Светлый фон

Предвкушая приятную ночь в женских объятьях, Юлиан переложил плащ в другую руку, галантно улыбнулся и вошел внутрь.

Наурика лежала на кушетке, подбитой алыми тканями, утонув в подушках, и подпирала голову кулачком. Вид у нее был грозный-прегрозный, губы плотно сжаты, а брови — нахмурены. Но Юлиана было не обмануть. За свои полсотни лет он пусть и не познал женщин целиком, но хотя бы отчасти стал понимать их. И напускная суровость Наурики, которая привыкла, что все вокруг нее пляшут, ублажая, его только раззадорила. На столике были разлиты в графинах алая кровь и рубиновое вино. С улыбкой и хитрым взглядом Юлиан прошел мимо Наурики, словно ее и не было здесь, налил уверенным жестом себе напиток, принюхался и принялся смаковать. Затем он встал у окна. За окном неистово бился дождь, швыряя тяжелые капли в стекло.

Наурика вздернула бровь, как любила это делать, но смолчала. Она продолжала выжидать, не шелохнувшись. Наконец Юлиан отошел от окна, за которым разворачивалась мрачная картина, присел рядом с королевой и словно впервые обратил на нее внимание.

— Мне кажется, ты сюда приходишь выпить, — с иронией заметила она, — а не ко мне.

Юлиан промолчал, лишь ответно вскинул брови и хитро улыбнулся. Он продолжал смаковать кровь, и в глазах Наурики скрытое недовольство женщины, с которой играют, сменилось неким животным восторгом.

Они оба молчали и обменивались ухмылками. Между ними не было ни любви, ни каких-либо клятв верности, так как оба являлись любовниками, назначенными друг другу из политических соображений. Для Наурики ее любовник был возможностью получить мужскую ласку через эту лазейку с Вестником Гаара, несущим здоровье, чтобы не потерять лицо при дворе и не забеременеть, а для Юлиана королева стала приятным времяпрепровождением и утолением амбиций, ростки которых появились в его душе. Но больше всех здесь, конечно, выигрывал Илла Ралмантон: он держал под контролем столь опасную позицию, как фаворит королевы, и имел виды на то, чтобы его наследник крепко вошел во дворец, получив чин.

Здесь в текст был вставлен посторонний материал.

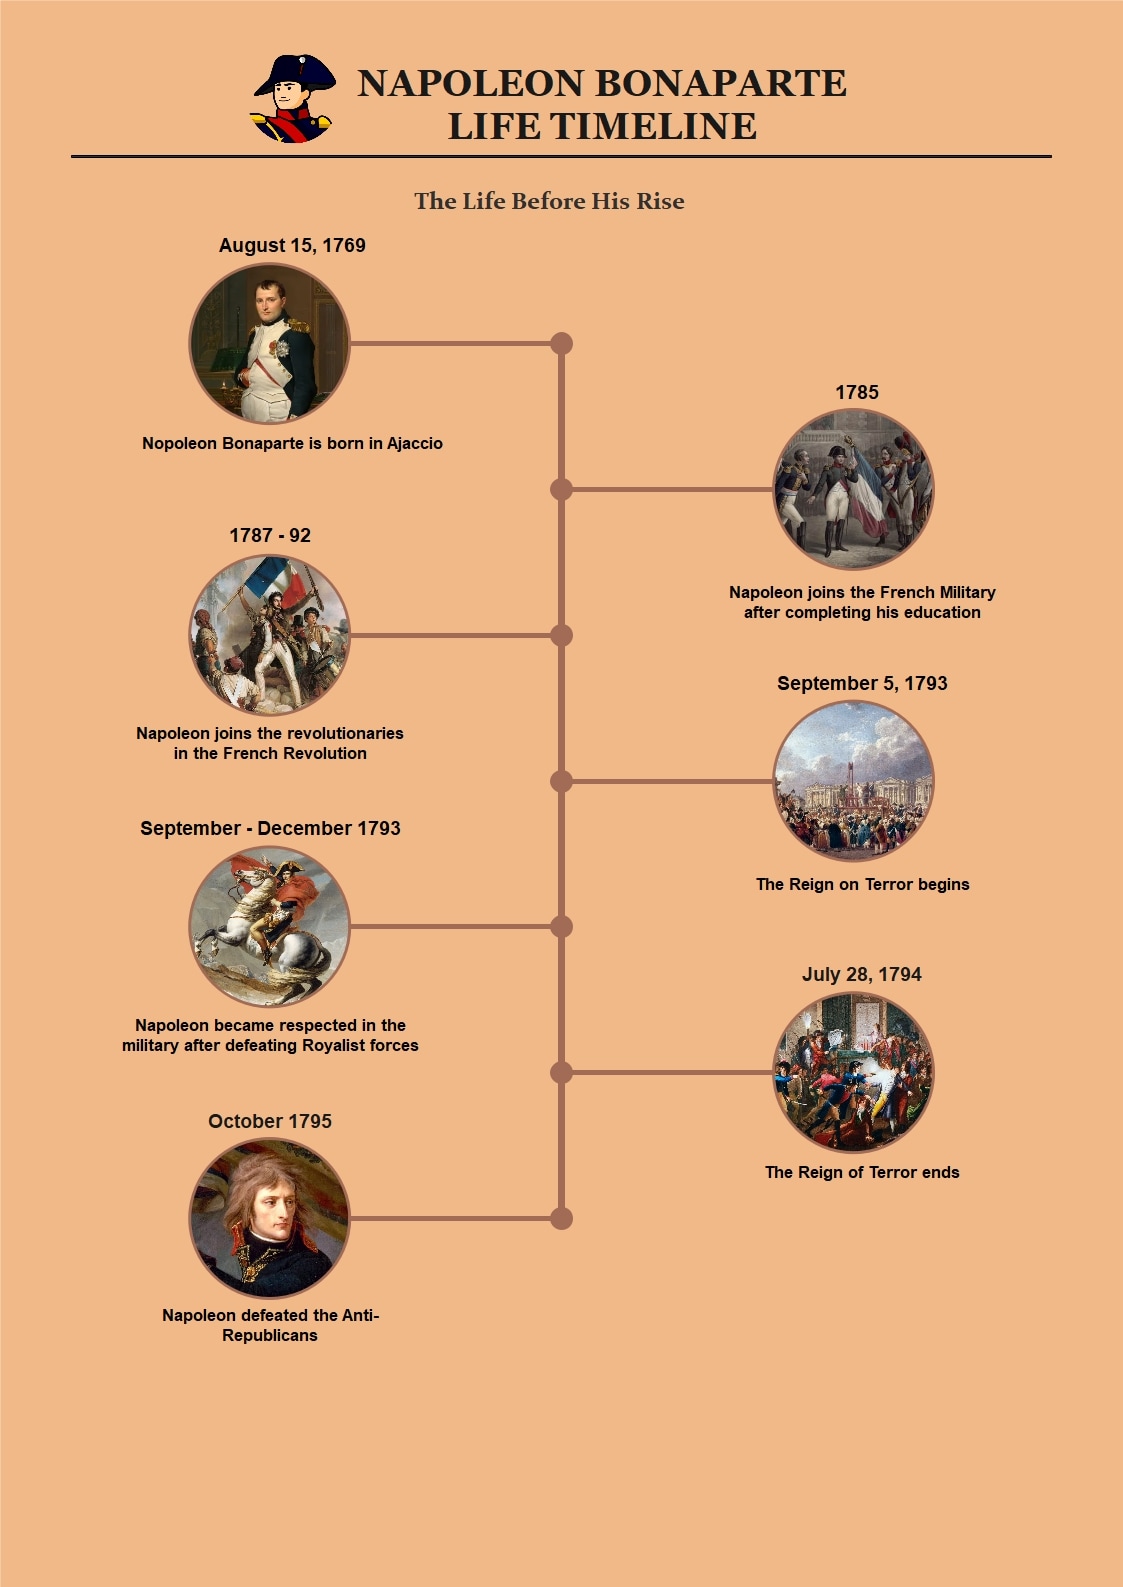 napoleon bonaparte life timeline part 1: life before his rise to power

Но все же между этими двумя завязалось некое подобие дружбы. Они были почти ровесниками и находили в объятьях друг друга и порок, и тайну, и разговоры. Эти встречи в освещенной лишь одним сильфовским фонарем комнате были для них отдыхом для души и тела.

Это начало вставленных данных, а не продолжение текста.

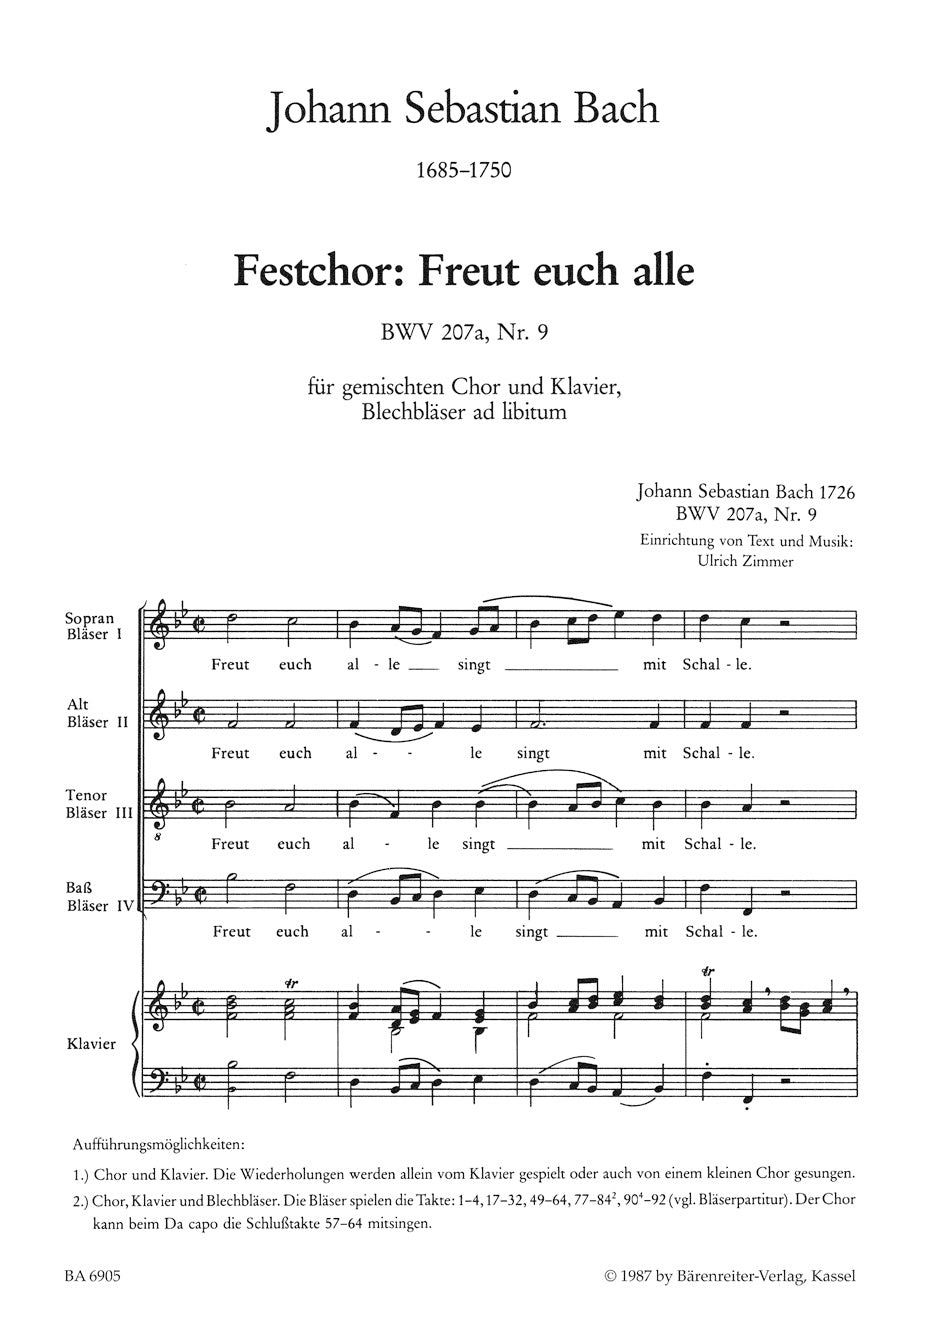 Bach: Freut euch alle, BWV 207a, No. 9

И вот Юлиан потянулся к лежащей на подушках женщине, поднял ее как пушинку и усадил к себе на колени. Волосы ее, заплетенные в сложную косу, с древесными заколками между каштановыми локонами, отливали шелком в рассеянном свете светильника. Юлиан находил свою прелесть в этой выглаженной магами, но зрелой красоте, в этих мудрых глазах, в которых переплетались опыт, ответственность и усталость. Он неспешно потянул завязки платья, обшитого золотом и серебром так, что оно походило на выходной наряд и стоило наверняка так же. Наурика лежала, и на ее лице блуждала томная улыбка. Ей нравилось, когда ее так медленно раздевали. Ей нравилось и когда ее раздевали быстро. Она вообще поняла, что их с Юлианом желания часто совпадают, и знала, что продлит статус Вестника на многие годы.